# Radio Le Mans - Midweek Motorsport



## Supermega (Nov 10, 2008)

Anyone listen?

http://rlm.0157.org/

They do a live show on a Wednesday - cover all things motorsport - I think its a cracking listen, lots of banter and you find out whats going on in other formulaes.

You may recognise some of the voices from Motors TV & eurosport.

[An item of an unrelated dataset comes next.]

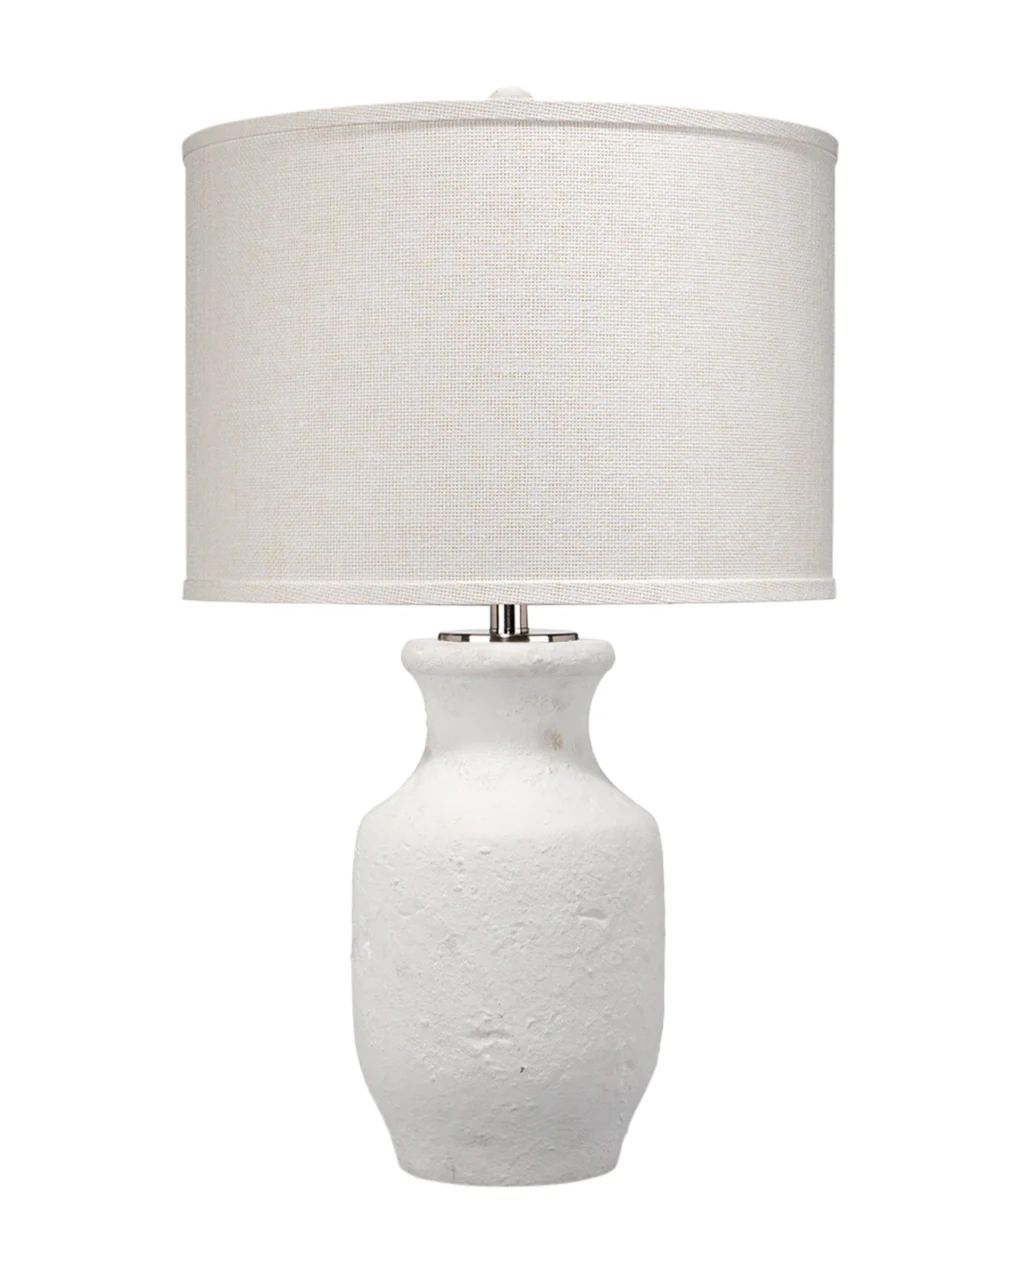 Gilbert Table Lamp | McGee & Co.

Just listening to a show on car care..

http://rlm.0157.org/specials.php


----------



## Roy (Jan 17, 2007)

Yep it’s a cool little station, I’ve met John Hindhaugh a couple of times he’s a very cool bloke, so many good racing stories :driver:

There’s a Car Cleaning Guide in the Special Programmes section too :thumb:


----------



## Supermega (Nov 10, 2008)

Roy said:


> Yep it's a cool little station, I've met John Hindhaugh a couple of times he's a very cool bloke, so many good racing stories :driver:
> 
> There's a Car Cleaning Guide in the Special Programmes section too :thumb:


Are you the chap who did the car care show with John Hindhaugh? DW just got mentioned :thumb: Good listen, especially for the new guys to detailing.


----------



## Roy (Jan 17, 2007)

Yeah that was me  not used to having a mircophone thrust at me, but think it came out ok :thumb:

Roy


----------



## thehogester (Jun 15, 2008)

Roy said:


> Yeah that was me  not used to having a mircophone thrust at me, but think it came out ok :thumb:
> 
> Roy


Really enjoyed listening to that mate :thumb:


----------



## Supermega (Nov 10, 2008)

thehogester said:


> Really enjoyed listening to that mate :thumb:


Yeah it was a cracking listen Roy, If only they had posted some videos/pics on the site to go with the audio - that would of been great to see the final result.

:thumb:


----------